* What to work on:
When you reach the line containing "Solution:24.408 as a fraction is 3051/125", begin reproducing the lines exactly and continue through the end of the listing, leaving out the pictures.

* Data block:
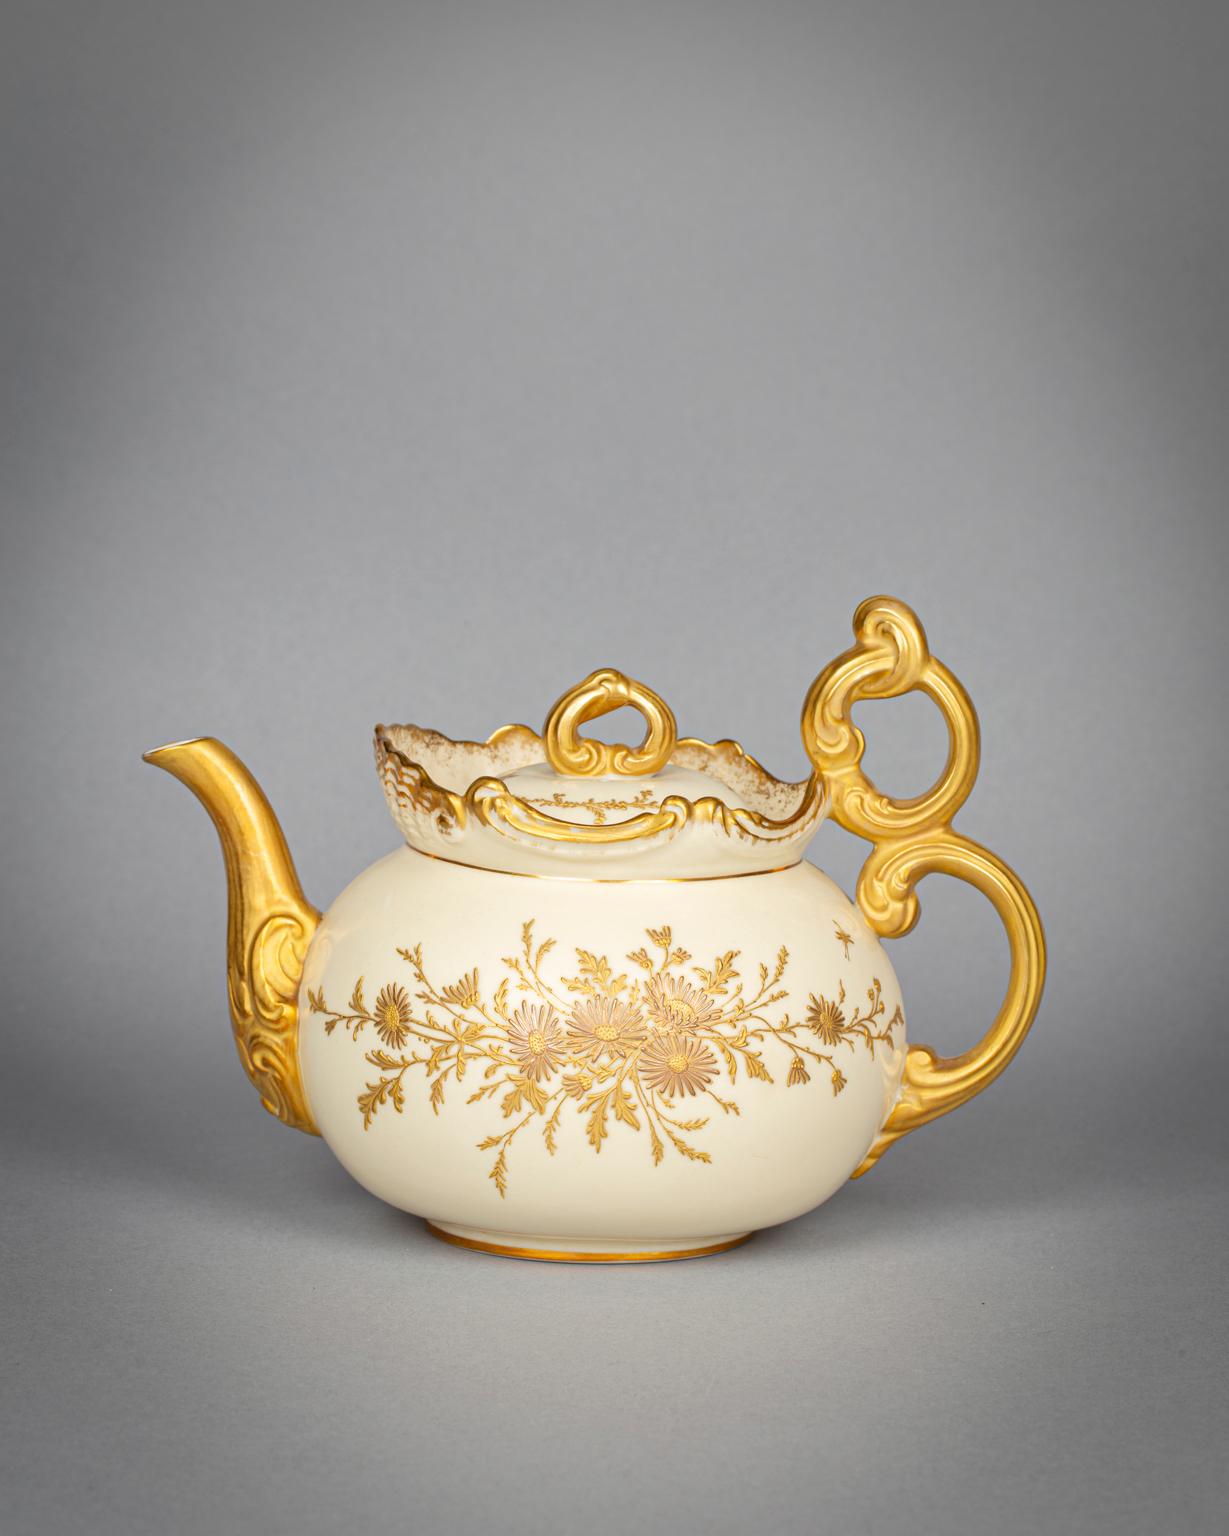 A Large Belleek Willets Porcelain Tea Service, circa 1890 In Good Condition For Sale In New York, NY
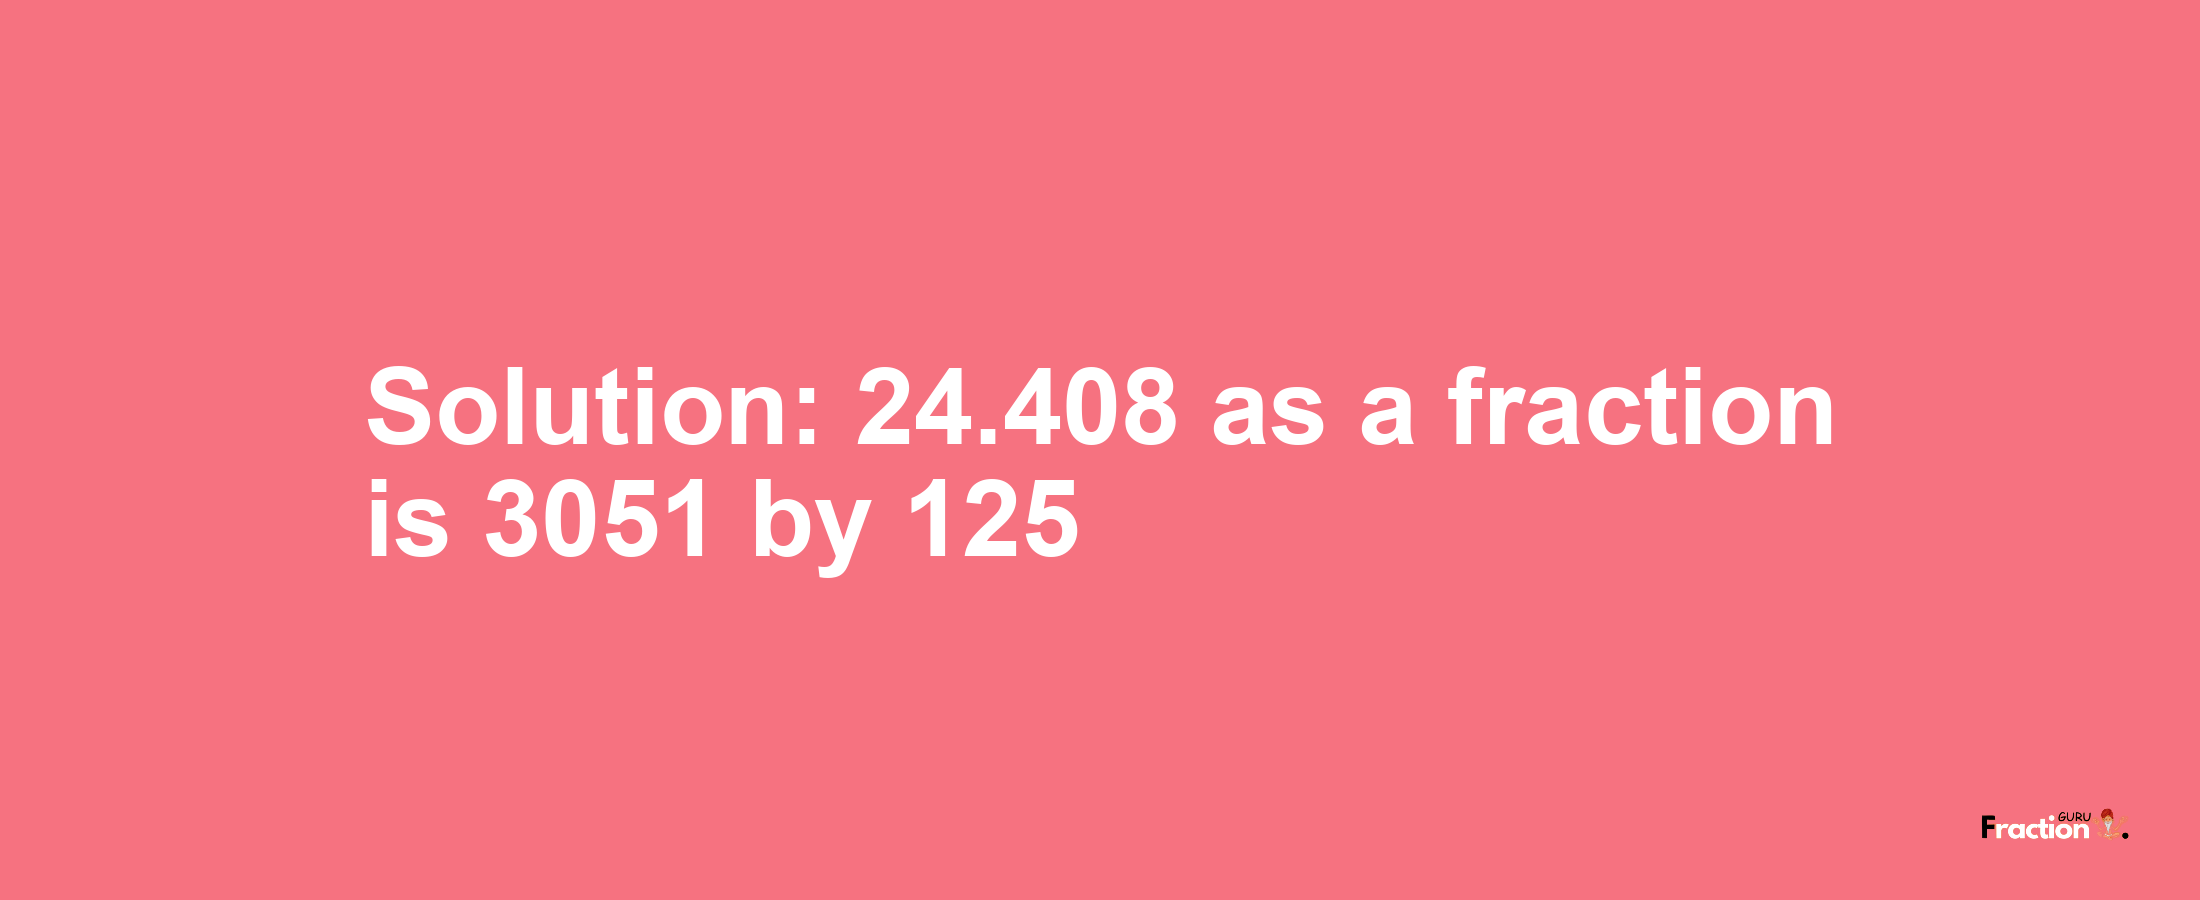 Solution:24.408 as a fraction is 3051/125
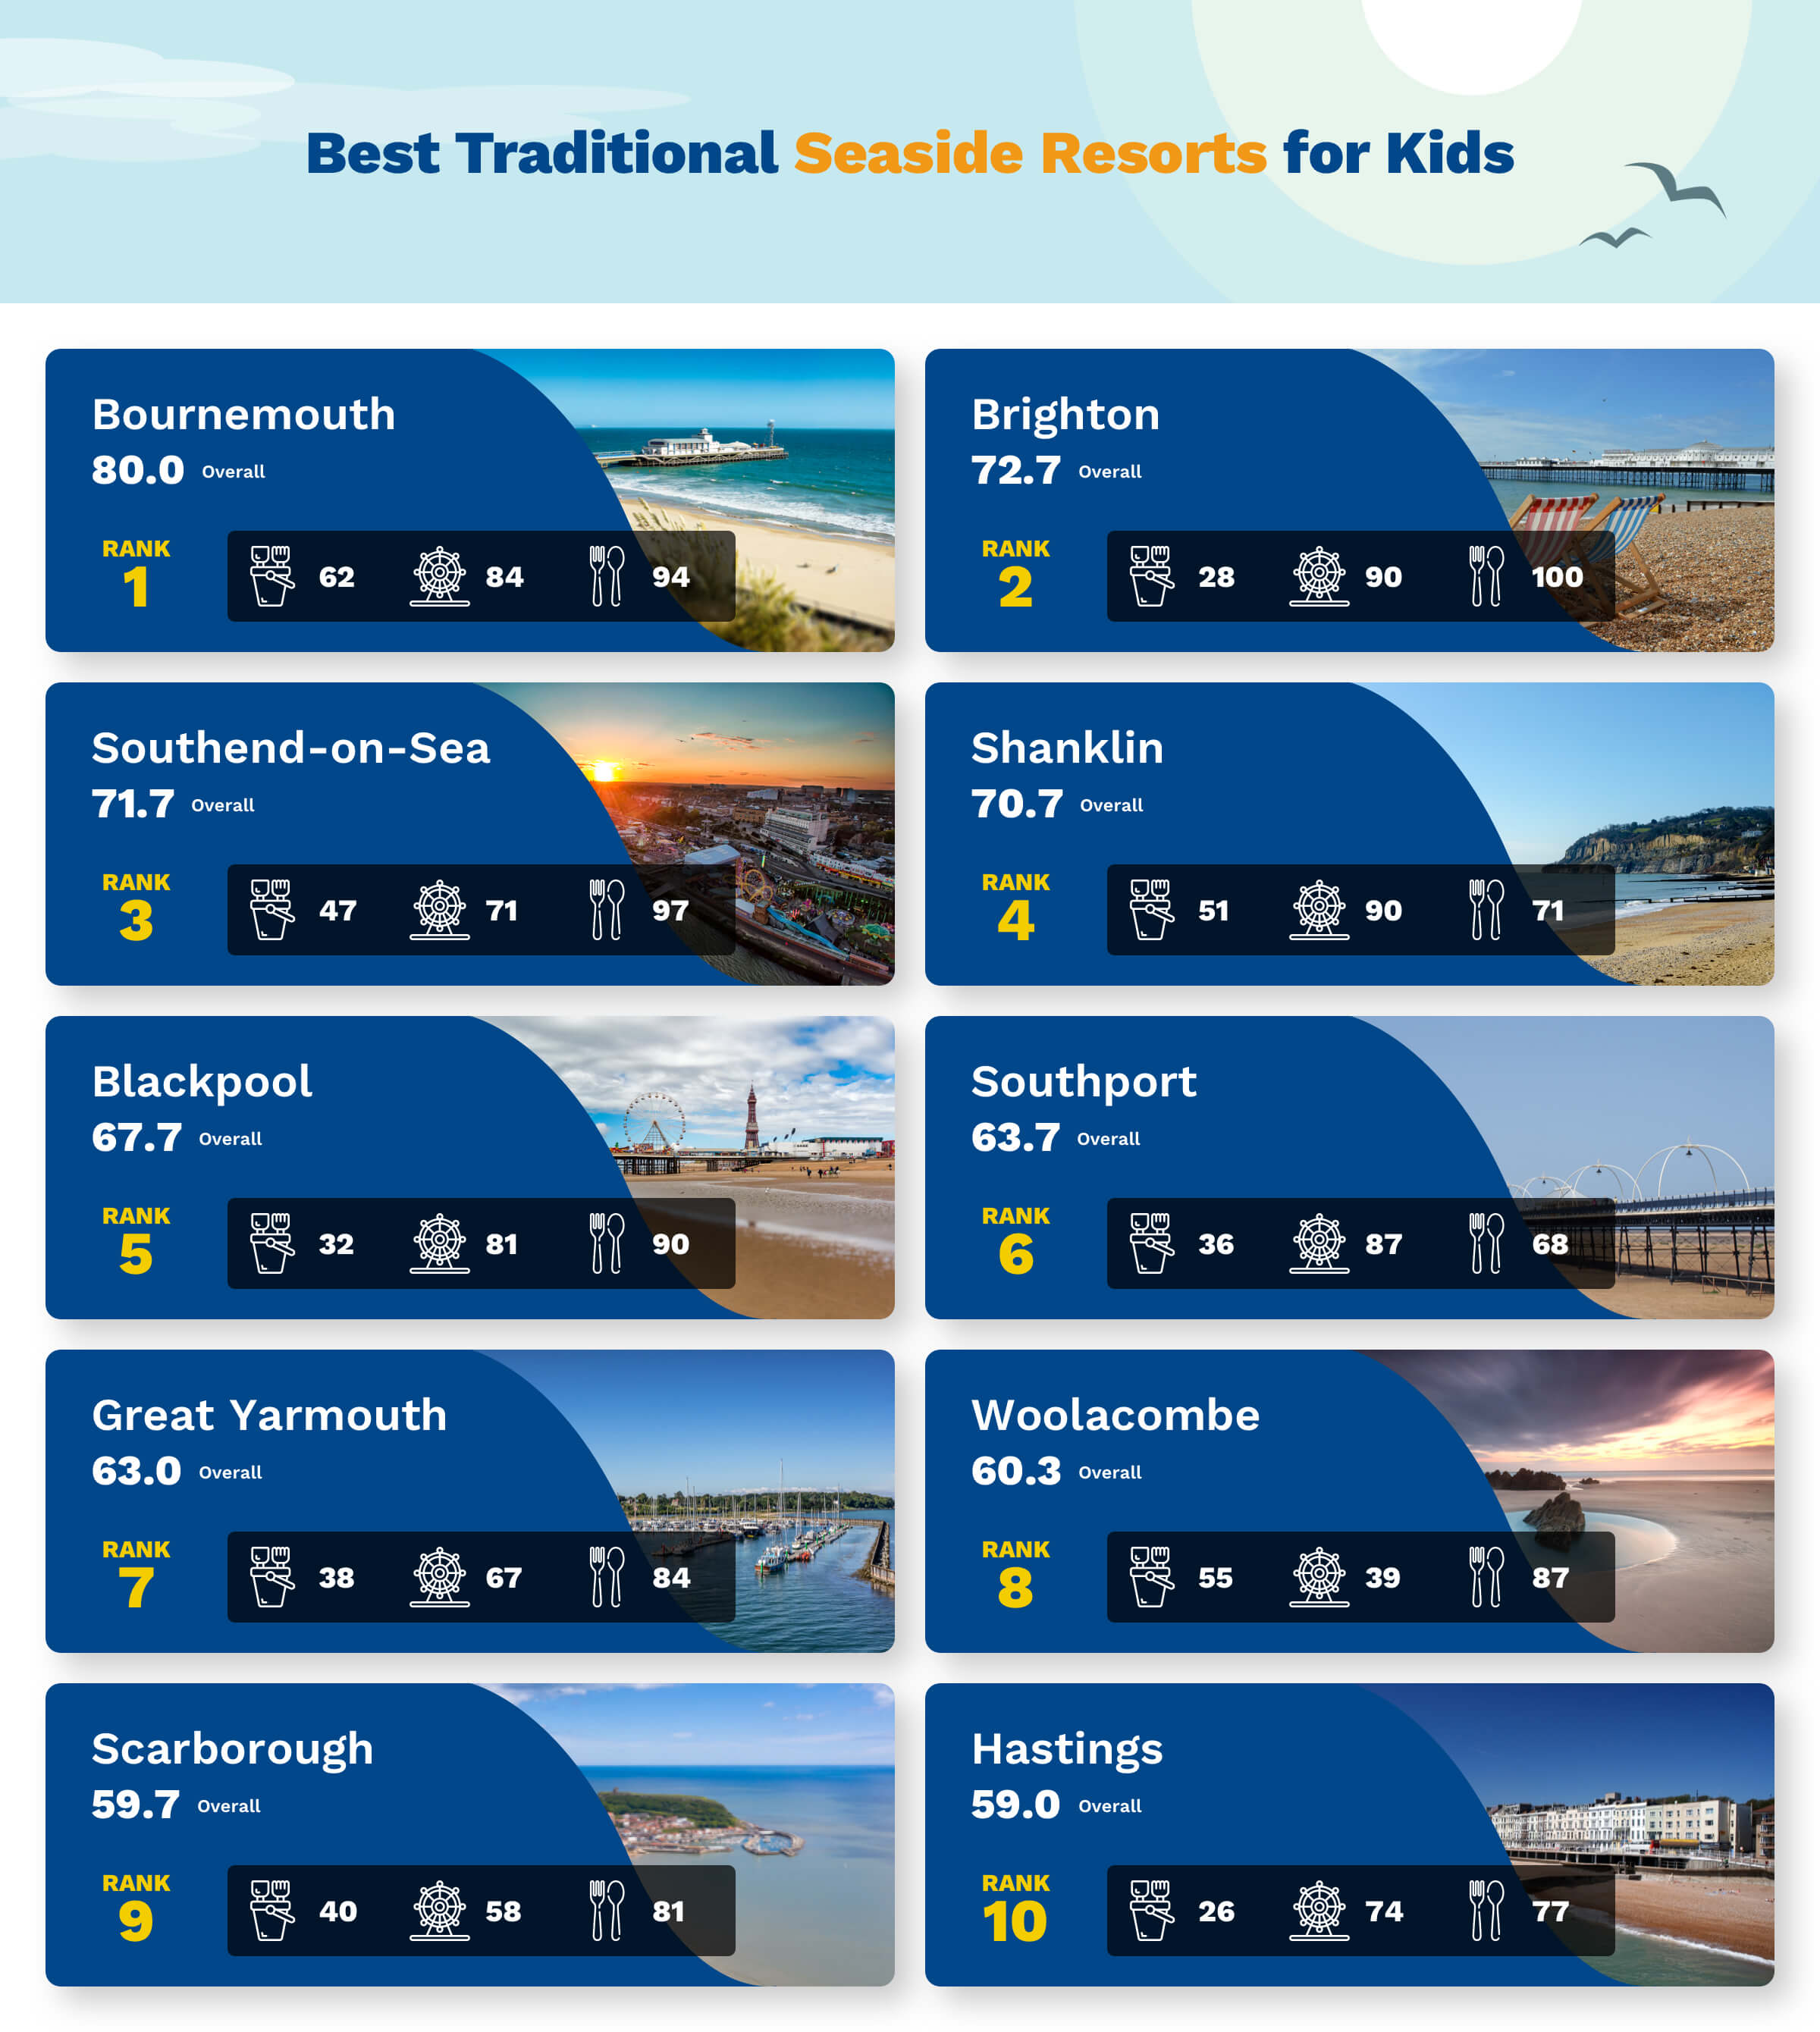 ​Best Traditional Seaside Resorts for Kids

* Solution to the problem:
 Solution:24.408 as a fraction is 3051/125
 ​Best Traditional Seaside Resorts for Kids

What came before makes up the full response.